Он подбоченился и задорно, нахально смотрел на Георгия. Серый решил, что нужный момент настал. Шагнул к Павлу и резким ударом тяпки под колени уронил его на землю.
— Стоять! — рявкнул, развернувшись, на сопровождающих. Угрожающе взмахнул тяпкой.
Хотя соседи даже не пытались дёргаться — видимо, слишком удивились. Скорчившийся от боли Павел попытался подняться. Серый со свистом рубанул тяпкой воздух, в сантиметре от его лица. И демонстративно расстегнул кобуру пистолета.
— Просил, чтобы сделали? — спросил у отпрянувшего Павла. — Ну, вот. Кушай, не обляпайся. — И быстро, уверенно заговорил дальше — пока непривычный к такому ведению переговоров сосед не очухался: — Всё было так, как он говорит? — повернулся к Георгию. — Пахали и сеяли — они?
Георгий, лицо которого расплылось было в довольной улыбке, поджал губы.
— Так мы жили всегда, — упрямо повторил он. — Шаман, с благословления Матери Доброты, привозил семена...
— Ясное дело, — буркнул Павел. На пистолет и тяпку он поглядывал с опаской. Подняться больше не решался. — Сами-то, где б мы их взяли? Кто бы нас к тем семенам подпустил-то?
— Понятно, — кивнул Серый. — Шаман привозил семена и руководил работами. Так?
— Ну.
— А дальше?
— Дальше — известно. Лён вызревал, мы его убирали. Сушили, чесали. Станки ткацкие, опять же, у нас в посёлке стоят. А Шаман только приглядывал. Приезжал потом, да ткань готовую забирал.

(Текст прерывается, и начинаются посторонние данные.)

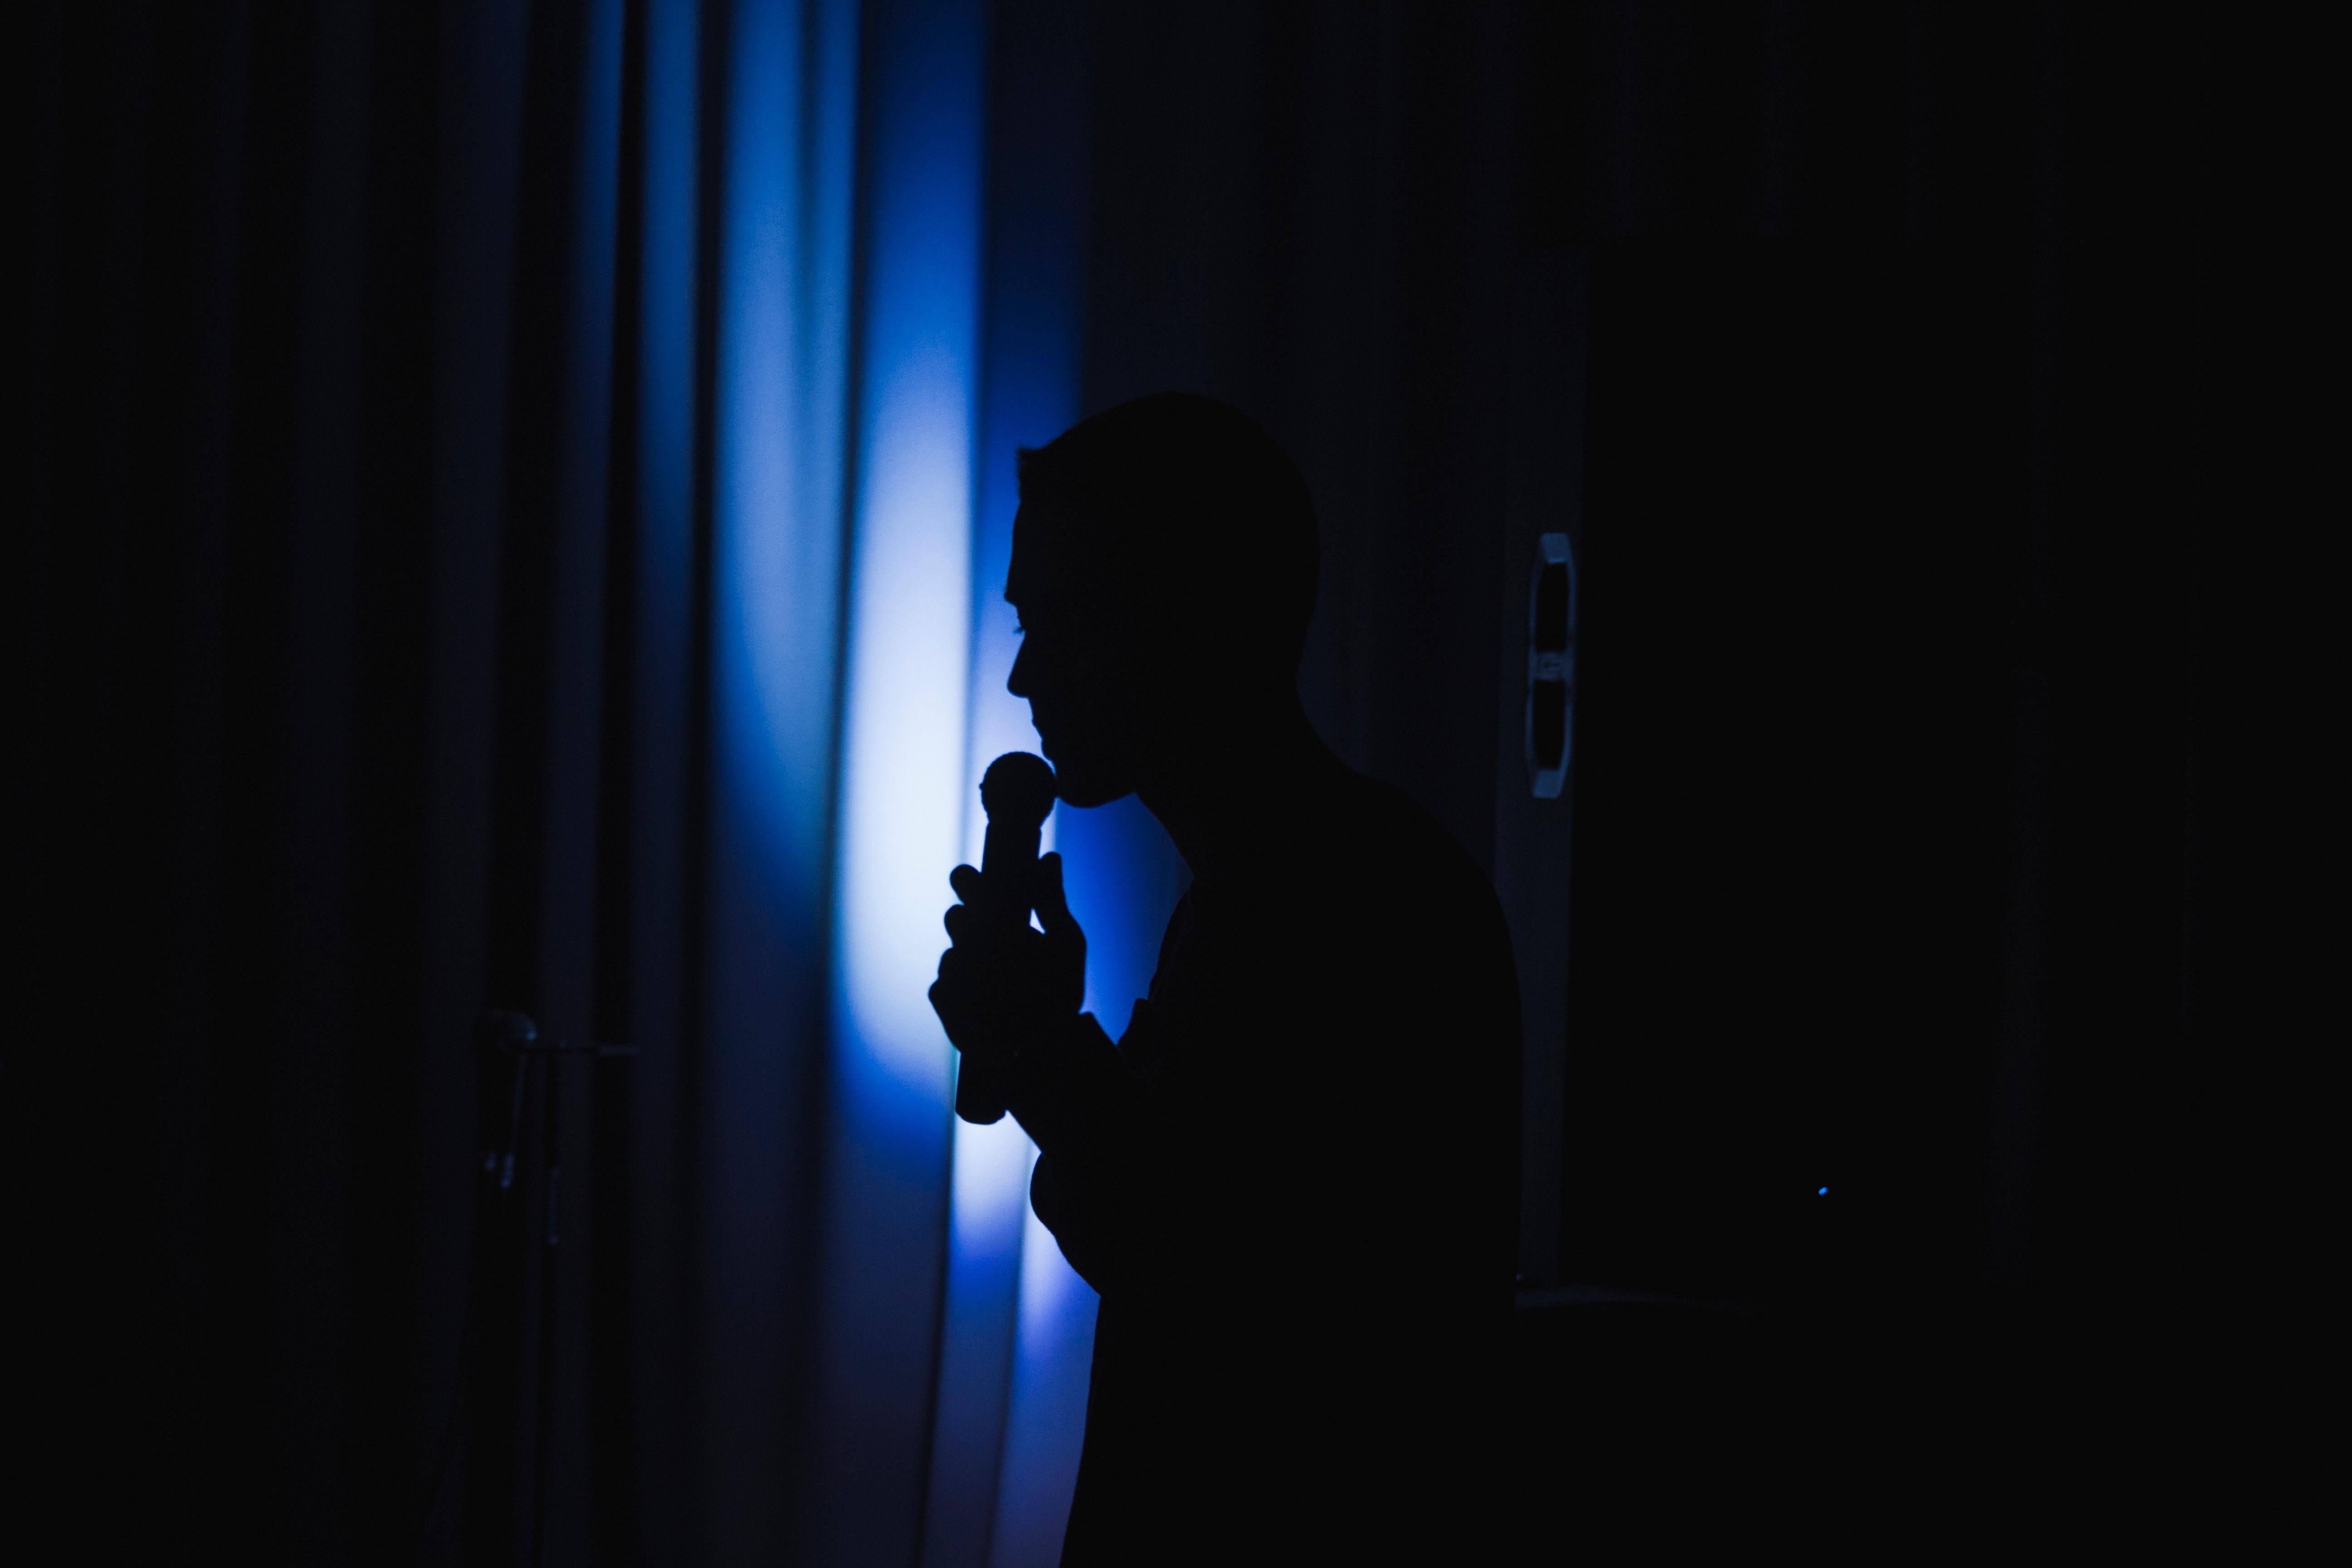 самостоятельно определить как фотографироваться в темноте выложила своем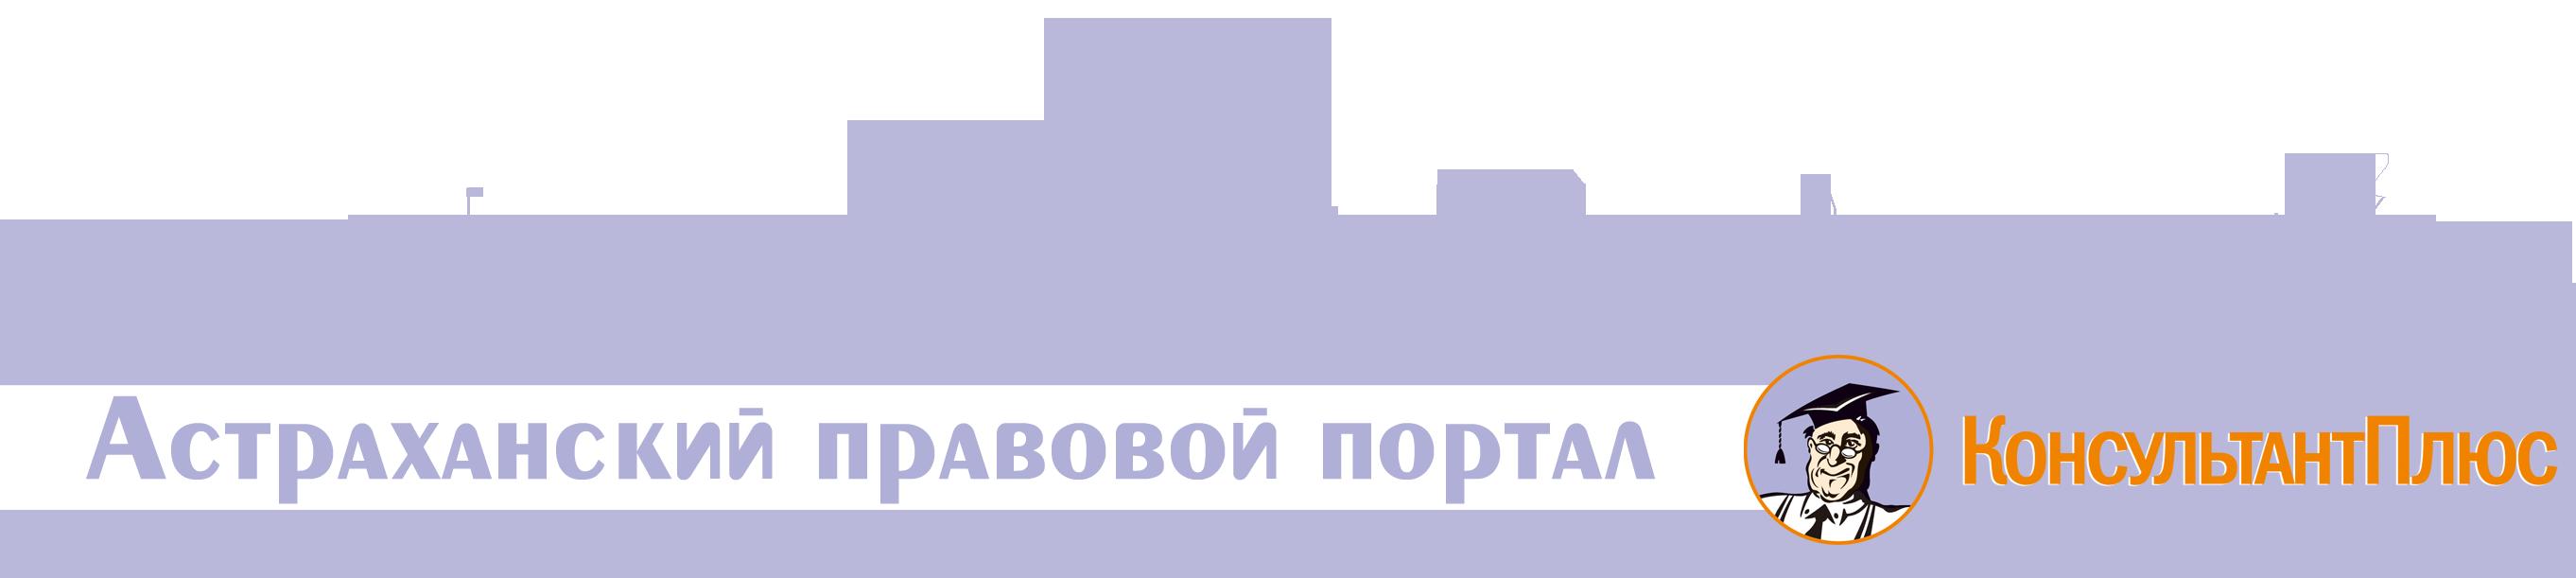 """Астраханский правовой портал """"КонсультантПлюс"""""""

— Ты говоришь неправду! — вскинулся Георгий. — Вместо ткани Шаман привозил вам то, чем богаты другие посёлки! Он поступал так, как учила Мать Доброты. Без её учения вы никогда бы не наладили производство.
— Может, и не наладили бы, — упрямо проворчал Павел. — Да только то когда было? Сколько лет прошло, давно уж сами всё умеем. И кабы в других посёлках ткани меняли сами, куда богаче жили бы. И меняли бы на то, что нам нужно, а не хватали бы без разбору, что Шаман привезёт.
— Шаман слушал Мать Доброты! Её мудрость безгранична, и только Ей ведомо, в чём вы на самом деле нуждаетесь.
— Вот заладил, — сплюнул Павел. — Ей, может, и ведомо. Только ведун пропал! И дальше, я так мыслю, самим соображать надо, как жить.
— А вот это верно мыслишь, — Серый согласно кивнул. Протянул Павлу руку. — Да вставай, не ссы! Не будешь быковать, так и я не трону.
Павел, недоверчиво глядя на него, поднялся. Проворчал:
— А чего налетел тогда?
— А чтоб ты понял, что тут и без Шамана на тебя управа найдётся, — ухмыльнулся Серый. — И чтоб за базаром следил — в гости пришёл, всё-таки. Я уже сказал, что мы скоро уйдём. Мы здесь вынужденно, своих дожидаемся. Когда уйдём, никому мешать не будем. Но пока живём тут, это и наш дом тоже. И вести себя в нём надо прилично, нечего на хозяев хлебало разевать. Ясно?
Павел насупленно промолчал.
— А про лён, — продолжил Серый, — я считаю, всё верно ты говоришь. Вы сеяли, ухаживали, обрабатывать будете — значит, и ткани ваши.
— Во! — вскинулся Павел. — Пришлый, и тот понимает!
Толпа за спиной у Серого недовольно загудела.
— Что не так? — резко обернулся он. — Привезут вам по осени ткани, обменяют на овёс да кукурузу — чем плохо? Неужто без Шамана договориться не сумеете, сколько взять да сколько за это отдать?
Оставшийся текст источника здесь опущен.